Little Nicky - Satan Junior
© Februar 2001 The Eye

Little Nicky

Originaltitel: Little Nicky

You know his number. You know his name. And now, you will meet ... his son.

Director: Steven Brill
Adam Sandler, Patricia Arquette, Rhys Ifans, Harvey Keitel, Quentin Tarantino, Ozzy Osbourne

Runtime: 90 min
Rating: G | PG | PG-13 | R
USA 2000

Kurzkritik für eilige: Absolut entbehrlicher Klamauk auf tiefstem Niveau, jedenfalls in der deutschen Fassung.



Länger:

Adam Sandler scheint damit zufrieden zu sein, für den Rest seines Lebens auf dämliche Rollen festgelegt zu werden, denn anders kann ich mir seine Filme nicht erklären .. Andererseits wird er wohl genug Geld damit verdienen. Doch auch Adam Sandler selbst hat schon lustigere Filme (mit etwas mehr Niveau) gemacht als diesen, Happy Gilmore beispielsweise war gar nicht mal so schlecht.

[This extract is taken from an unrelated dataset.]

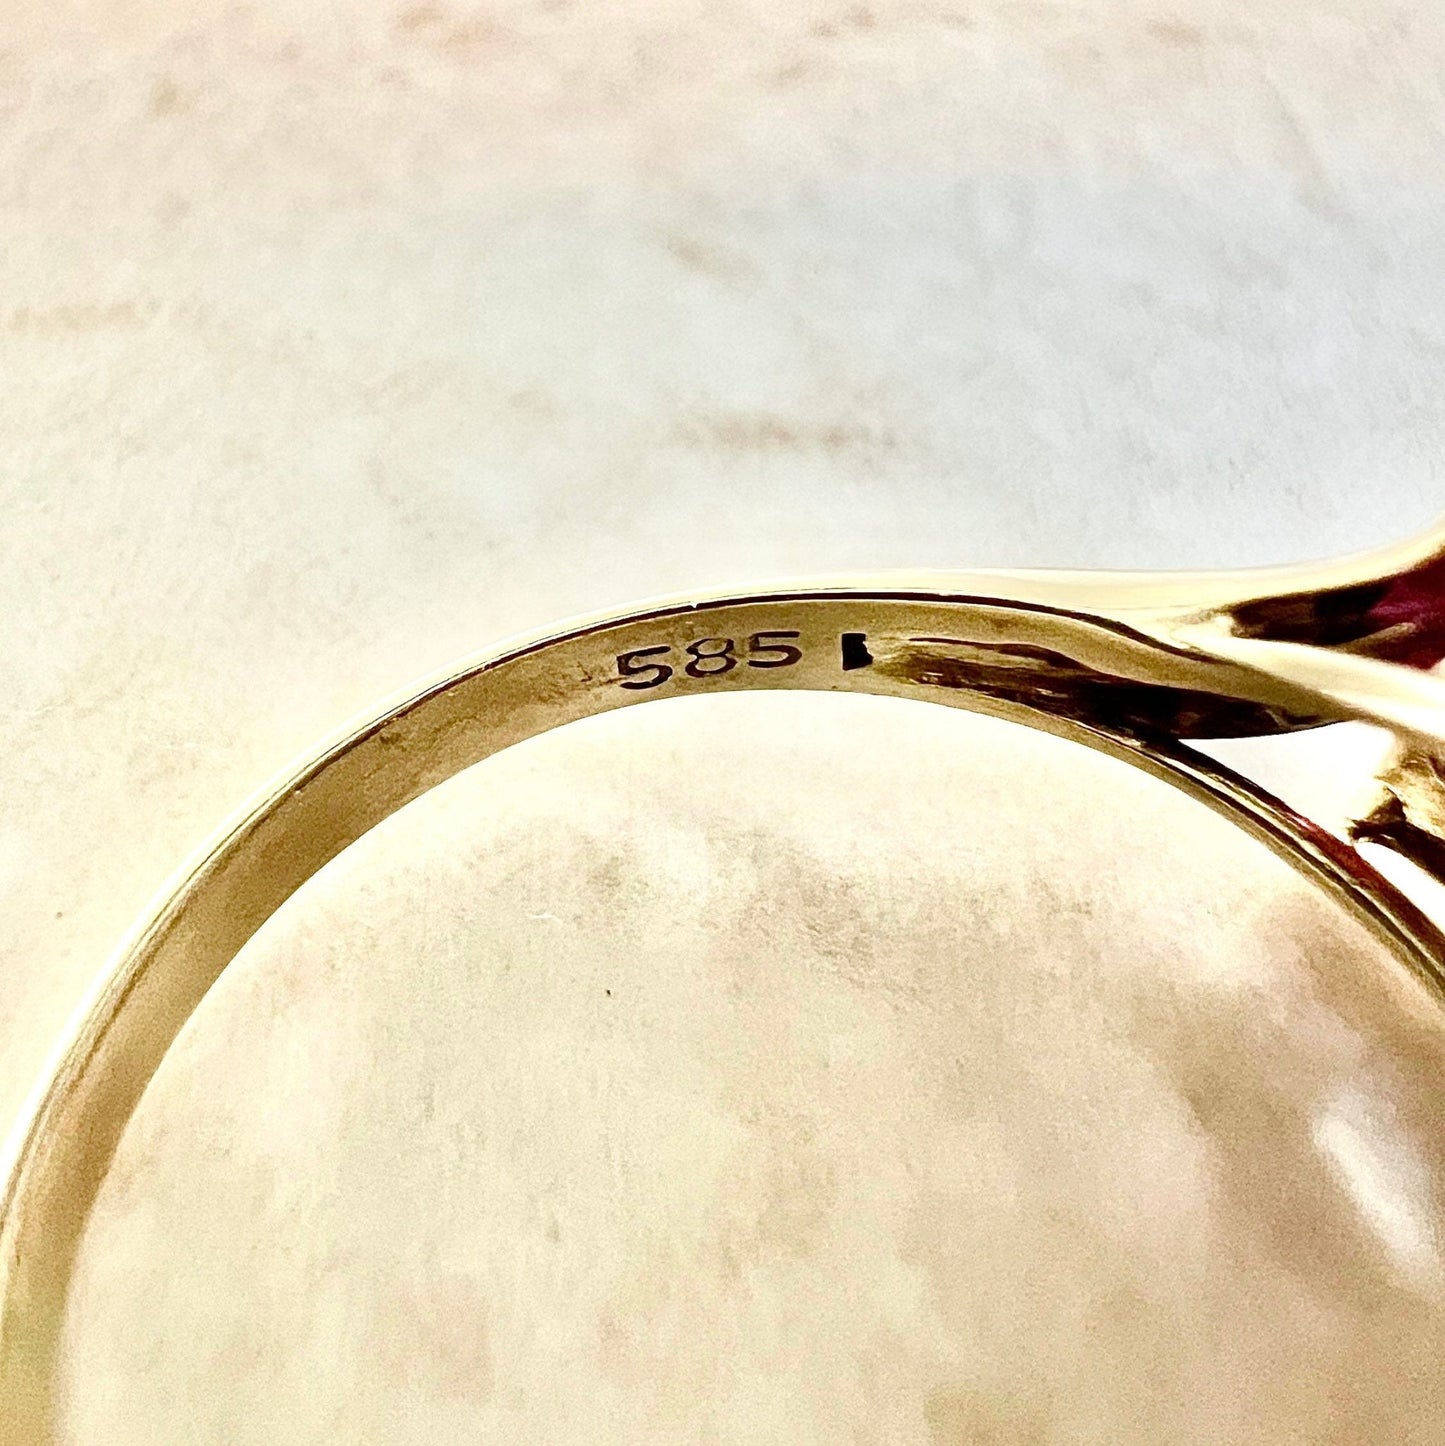 Vintage 14K Gold Ruby Cocktail Ring - 14 Karat Yellow Gold Ruby Ring - Ruby & Diamond Ring - July Birthstone Ring - 14K Gold Ring -Best Gift

Hier jedoch hat er wieder in die unterste Schublade gegriffen. Zur Handlung:

Die Hölle ist eigentlich ein ganz netter Ort, es werden zwar Seelen gequält, aber immer irgendwie mit einem Augenzwinkern. Der Ober-Teufel (Harvey Keitel), Sohn des legendären Luzifer, sollte eigentlich nach 10000 Jahren Herrschaft den Thron an einen seiner drei Söhne übergeben. Das sind zwei klassische Teufel, und der etwas zurückgebliebene Nicky (Adam Sandler), der in früher Jugend einmal eine Schaufel ins Gesicht bekommen hat und daher den ganzen Film lang mit einer peinlichen Grimasse und einem anstrengenden Sprachfehler herumläuft.

Papa Teufel will jedoch weiterregieren, woraufhin Sohn eins und zwei wütend werden und auf die Erde fliehen. Von dort muß man sie zurückholen, und das soll Nicky besorgen. Auf der Erde erfährt er tatkräftige Unterstützung durch Beefy den Hund, zwei Heavy Metal-Jünger und last not least Ozzy Osbourne himself.

Der Rest ist billigster, dämlichster Klamauk, der teilweise so viel schlechten Geschmack aufweist (zB Adolf Hitler, der in der Hölle ein schwarz-weisses Dirndl tragen muß und vom Höllenfürst persönlich jeden Tag eine ganze Ananas rektal appliziert bekommt), daß man sich wiedermal Sorgen um den geistigen Zustand der Welt machen sollte. Schliesslich findet der Streifen regen Zuspruch.

Der einzige Lichtblick sind einige Gastauftritte berühmter Menschen, beispielsweise Harvey Keitel als Ober-Teufel, Quentin Tarantino als blinder Prediger oder Ozzy Osbourne as himself.

Nun ja, wer Something about Mary und American Pie lustig fand, wird auch hier auf seine Kosten kommen. Der aufgeklärte Rest der Menschheit windet sich vor geistigen Schmerzen. Angeblich soll ja die englische Originalfassung ganz gut sein. Nach Betrachtung der Synchronfassung (wie bei so vielen Komödien absolut deutsch-deutsch dümmlich, so hören beispielsweise die beiden Metal-Jünger "geile Mucke" ... nun ja, der geneigte Leser mag sich selbst ein Bild machen) fällt es mir jedoch extrem schwer, das zu glauben.